When Yitzhak Wittenberg, a leader of the Fareynikte Partizaner Organizatsye (FPO), escaped from the custody of the Jewish ghetto police, Kittel issued an ultimatum stating that if Wittenberg did not surrender, the whole ghetto would be liquidated. Wittenberg turned himself in and was found dead (possibly due to a suicide by cyanide) on July 16. On 24 July, a group of 21 FPO members, the so-called Leon Group, left the ghetto to go wood cutting in a nearby labour camp in Naujoji Vilnia (they were trying to escape the ghetto). Nine men were killed in a German ambush. The Germans retaliated by executing 32 relatives of the nine men on 27 July and liquidating the labor camp on 28 July. Kittel further announced that collective punishments would be imposed in order to prevent such escapes: The Germans would execute the family members and even the neighbors of anyone who escaped.

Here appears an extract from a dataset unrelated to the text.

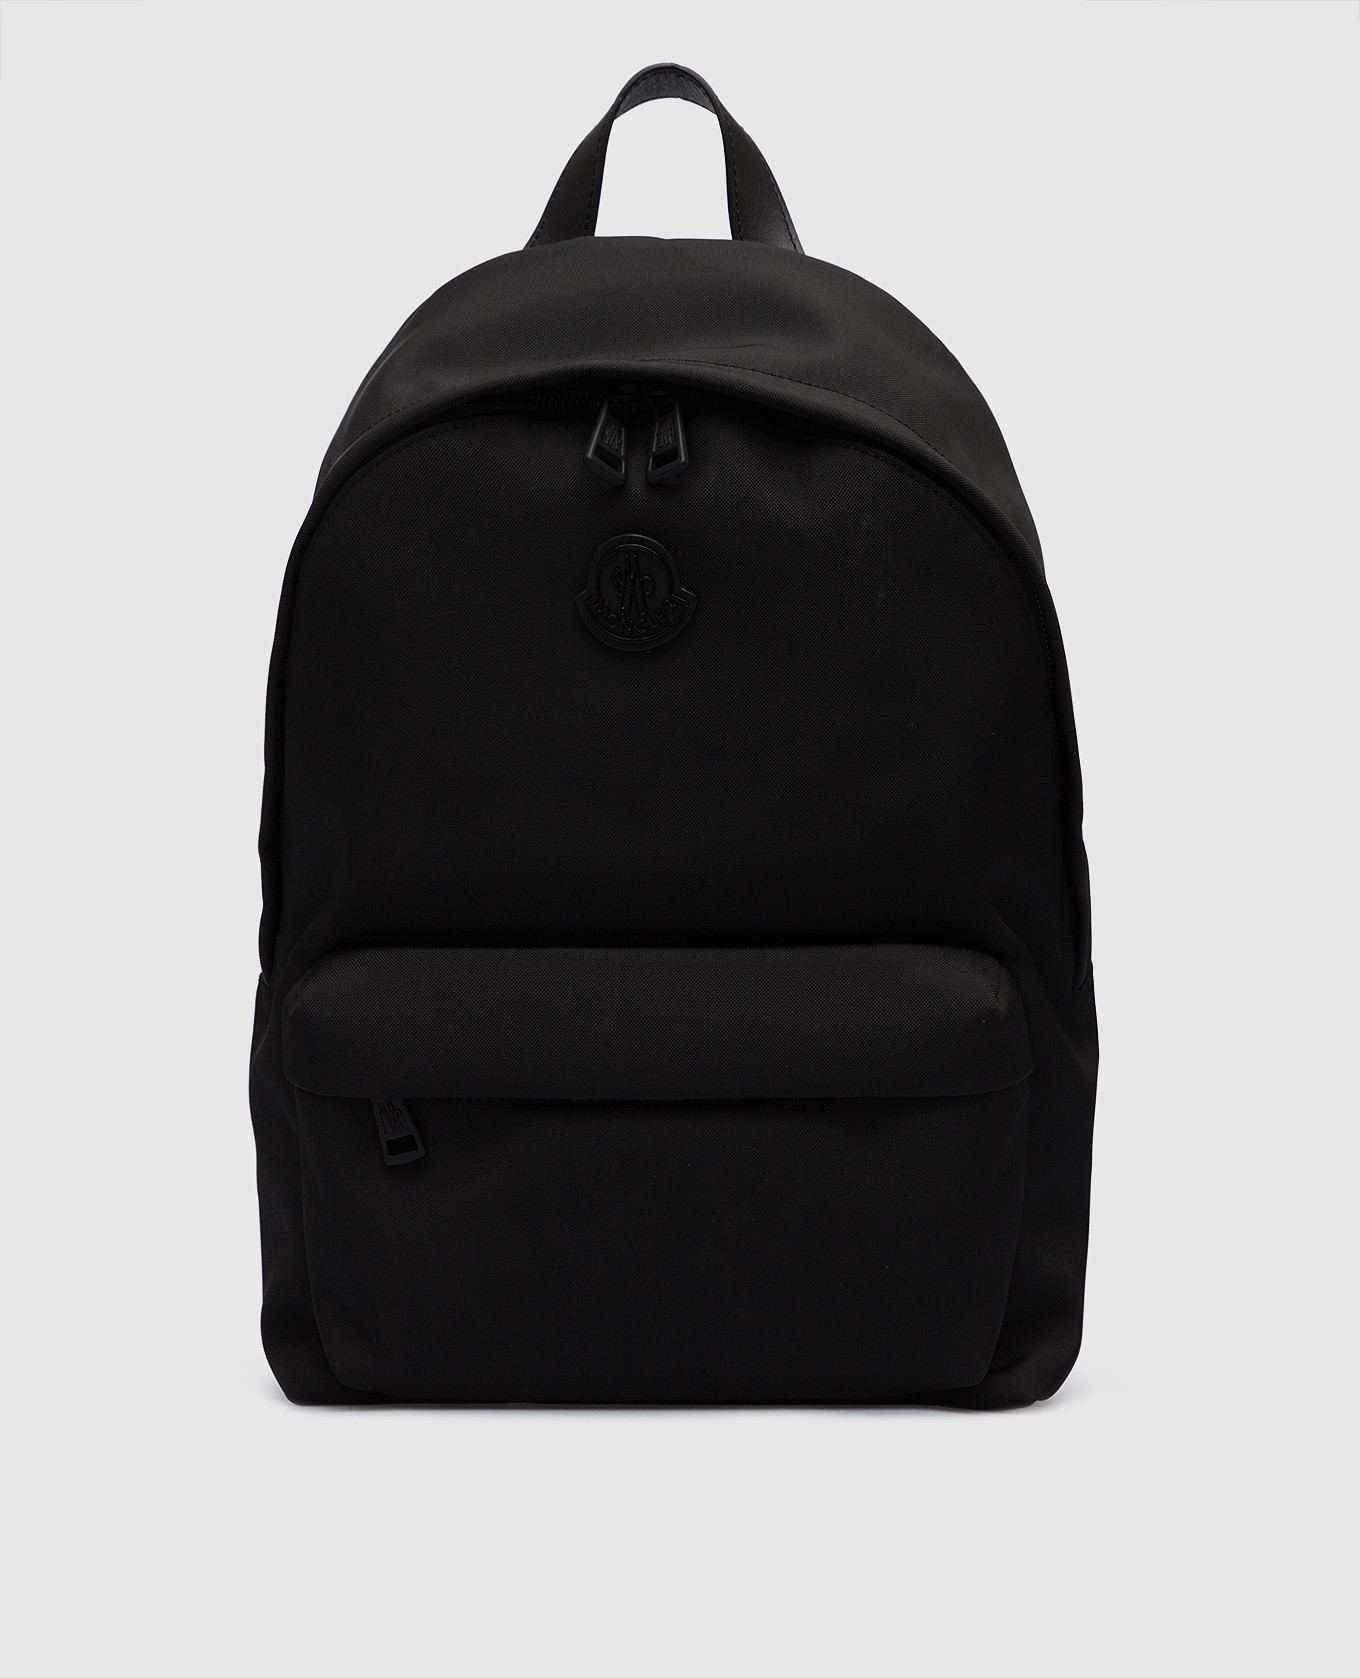 Черный рюкзак Pierrick с патчем логотипа

The order to liquidate the ghetto was given by Rudolf Neugebauer, the commander of Einsatzkommando 3. Kittel supervised the liquidation of the ghetto on 23–24 September 1943. The remaining Jews were transported to the Klooga concentration camp in Estonia (about 2,000 men), the Kaiserwald concentration camp in Latvia (about 1,400–1,700 young women), and the others were transported to extermination camps, mainly Auschwitz (about 5,000–7,000 people who were unfit for work). During the liquidation of the ghetto, Kittel ordered that a piano be brought to a yard. He continued to play it with his left hand while he shot a Jewish boy who begged for mercy with his right hand.

After the liquidation of the Vilna Ghetto, Kittel visited the remaining labor camps and terrorized their inmates. On 15 October, he inspected Kailis forced labor camp and deported 30 Jews for execution in Ponary. In late 1943, Germans arrested a couple that escaped from the HKP 562 forced labor camp. Kittel organized a public hanging of the couple and their daughter, but the noose tore. He then personally shot the man and the woman; another Gestapo man shot the child. In December, Kittel demanded the location of Salk Dessler, deputy of Jacob Gens who escaped the ghetto. Dessler was betrayed by a former Jewish policeman and arrested with about 30 other Jews; most of them were executed. After the liquidation of the Vilnius Ghetto, Kittel was posted to the newly formed Kovno concentration camp in the reorganized Kovno Ghetto as a liaison between the SS commander in the ghetto and the Gestapo in the city of Kaunas. On 27 March 1944, Kittel participated in the Kinderaktion in the ghetto, a roundup of about 1,700 children and the elderly who were subsequently murdered. During that Aktion, Kittel interrogated Jewish policemen on their assistance to Jewish partisans and selected 33 of them for execution at the Ninth Fort.